# Amazon apps



## jlee745 (Jul 27, 2010)

I have several apps that I love on my ipod touch ex. AIM, pixelogic, local Tv stations, directv and Goodreads. I wonder what it would take to get them to develop apps for Amazon. Would we email Amazon or the app developers and how would you know how to contact them? 
Sent from my Kindle Fire using Tapatalk


----------



## Hoosiermama (Dec 28, 2009)

I've been asking developers on Facebook if they will be developing an app for the Fire. So far the response has been good, and I'm hoping for some of my favorite Android apps to become available.

In the meantime, TV Listings from the Amazon app store is pretty good. It's what I have on my phone and Fire. I haven't bothered sideloading Directv, because I have it on my phone.

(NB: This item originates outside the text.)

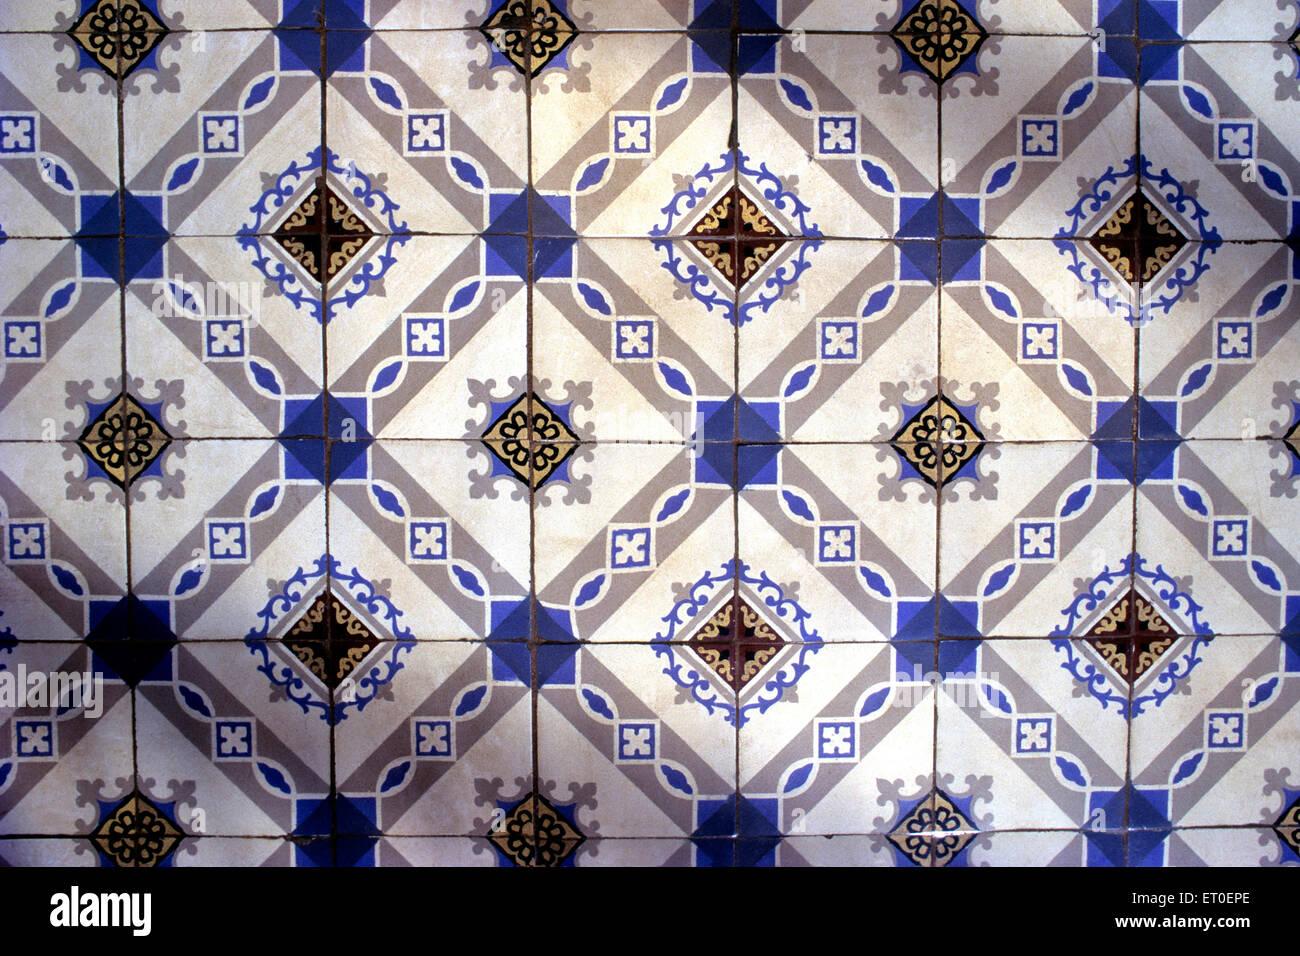 Floor tiles in Nattukottai Chettiar Nagarathar house of chettinad Tamil Nadu INDIA - Stock Image

Sent from my Kindle Fire using Tapatalk


----------



## Guest (Jan 2, 2012)

jlee745 said:


> I have several apps that I love on my ipod touch ex. AIM, pixelogic, local Tv stations, directv and Goodreads. I wonder what it would take to get them to develop apps for Amazon. Would we email Amazon or the app developers and how would you know how to contact them?
> Sent from my Kindle Fire using Tapatalk


You would definitely want to contact the developers and urge them to make versions for the Fire. I think there was an article somewhere recently about how the big sales figures for the Fire have motivated a lot of developers to get the wheels turning for their apps. It's obvious with the future tablet and smartphone from Amazon that this is a platform that's here to stay.


----------



## Betsy the Quilter (Oct 27, 2008)

Facebook took forever to do their iPad app....hopefully they won't take so long with the Fire, as Android devices have been around awhile...

Betsy


----------



## jbcohen (Jul 29, 2011)

I would imagine that if you could show the developer that there is enough interest in the fire version that they would be more apt to write the fire version. I would get as many people to sign up on some sort of list to get the fire version, then submit that list with some sort of cover letter explaining what this list is and why you produced the list in the first place they might write the app if the list of customers is significantly long enough. Each developer would set what he/she calls long enough.



jlee745 said:


> I have several apps that I love on my ipod touch ex. AIM, pixelogic, local TV stations, directv and Goodreads. I wonder what it would take to get them to develop apps for Amazon. Would we email Amazon or the app developers and how would you know how to contact them?
> Sent from my Kindle Fire using Tapatalk


----------



## Betsy the Quilter (Oct 27, 2008)

You can also send feedback to Amazon about apps you'd like to see or other Fire feedback by tapping on the gear in the upper right hand corner, More> Help & Feedback> Feedback 

There's a dropdown menu where you can select "Apps" or Amazon Shop App" among other choices.

Betsy


----------



## geoffthomas (Feb 27, 2009)

I have a "f" app on my Fire that I did not put there.
I thought it came with the Fire from Amazon.
It does not seem to do anything but connect to Facebook through the browser.
Anybody know how I got this?
It is my app shelf.
I cannot find it by searching in the app store.


----------



## jbcohen (Jul 29, 2011)

Betsy may be right if you can convince amazon that there is enough interest in the app.  I don't think at an app developer would say no if amazon specificall asked for an fire version of their app.  However my comments about the petition still holds you would need to petition amazon for the app and you would need to figure out what an adequate number of signers would be.


----------



## luvmy4brats (Nov 9, 2008)

geoffthomas said:


> I have a "f" app on my Fire that I did not put there.
> I thought it came with the Fire from Amazon.
> It does not seem to do anything but connect to Facebook through the browser.
> Anybody know how I got this?
> ...


That's the Facebook "app" that comes with the Fire. It's not really an app since it just takes you to the browser page.


----------



## texas nece (Apr 22, 2010)

When I first opened my Fire, I clicked on the FB icon and yes, took me to the site and asked me to sign in. Since then, now when I click on it, it goes right to my page. Works like the FB app I have on my iPhone, but that works for me. LOL!


----------



## geoffthomas (Feb 27, 2009)

Thanks Heather.
It really doesn't do a very good job.
No wonder y'all are looking for a facebook app.
I find most of the social sites best viewed from a  pc.


----------